## 라이브러리 & Instuction 정의

In [5]:
import os
import re
import random
import json

instruction_demo_negative = """
You are a recommendation bot responsible for selecting the news article that the target user is most likely to prefer from a list of five candidate articles. The only information available for each candidate article is its title, which is written in Norwegian.
Your goal is to predict the index number of the news article that best fits in the position labeled [MASK].
"""

## 함수 정의

In [8]:
def create_json(purpose, u_numbers, file_name, target_folder):
    """
    JSONL 파일 생성 함수
    """

    target_folder = f'prompts/{target_folder}'
    data_dir = f'{target_folder}/{purpose}'
    metadata_dir = os.path.join(data_dir, 'metadata')
    positions_file = os.path.join(metadata_dir, 'hidden_positions.txt')

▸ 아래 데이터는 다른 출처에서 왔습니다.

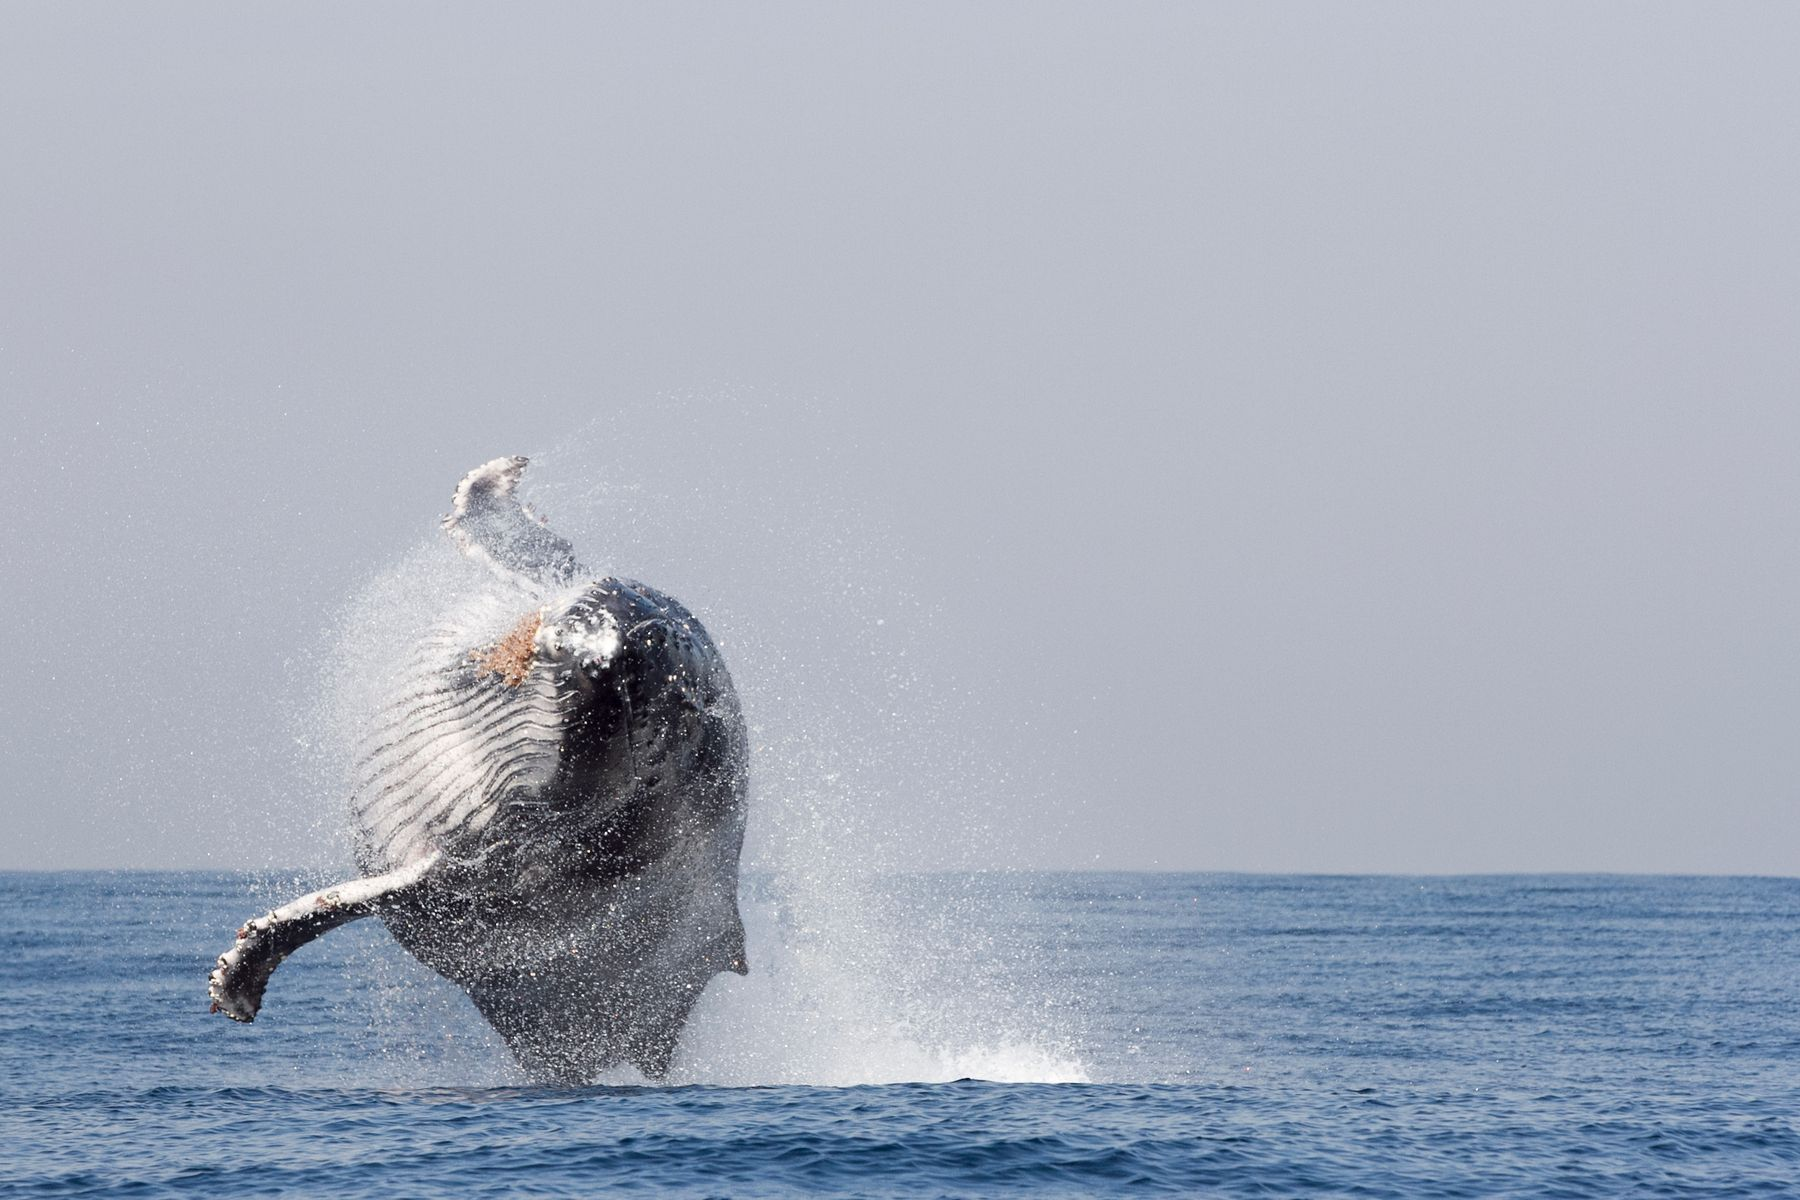 Whale watching in Merimbula

    instruction = instruction_demo_negative

    # hidden_positions.txt 읽기
    hidden_positions = {}
    with open(positions_file, 'r', encoding='utf-8') as f:
        for line in f:
            line = line.strip()
            if not line:
                continue
            match = re.match(r'(U\d+)\s*:\s*\[([^\]]+)\]', line)
            if match:
                user_id = match.group(1)
                positions_str = match.group(2)
                positions = [int(pos.strip()) for pos in positions_str.split(',')]
                hidden_positions[user_id] = positions

    data = []
    for u_num in u_numbers:
        user_id = f'U{u_num}'
        user_file = f'{user_id}.txt'
        user_file_path = os.path.join(data_dir, user_file)
        if not os.path.exists(user_file_path):
            continue

        with open(user_file_path, 'r', encoding='utf-8') as f:
            prompt = f.read()

        # 정규식 패턴 수정: User #U?\d+ 형태 매칭
        question_pattern = re.compile(
            r'User #U?\d+\s+prefers\s+most\s+\[MASK\]\s+among\s+the\s+following\s+five\s+articles:\s*'
            r'(1:[^\n]+)\s*'
            r'(2:[^\n]+)\s*'
            r'(3:[^\n]+)\s*'
            r'(4:[^\n]+)\s*'
            r'(5:[^\n]+)\s*'
            r'Question\s+(\d+)\.\s*The index number of the \[MASK\] is \?',
            re.DOTALL
        )

        matches = list(re.finditer(question_pattern, prompt))
        if not matches:
            continue

        questions = {}
        for m in matches:
            q_num = int(m.group(6))
            q_content = '\n'.join([m.group(i) for i in range(1,6)])
            questions[q_num] = q_content

        # 해당 사용자의 정답 위치 가져오기
        positions = hidden_positions.get(user_id, [])
        assistant_content_lines = []
        for idx, (q_num, q_content) in enumerate(sorted(questions.items())):
            if idx < len(positions):
                correct_position = positions[idx]
            else:
                correct_position = random.randint(1, 5)
            assistant_content_lines.append(f"Question {q_num}: {correct_position}")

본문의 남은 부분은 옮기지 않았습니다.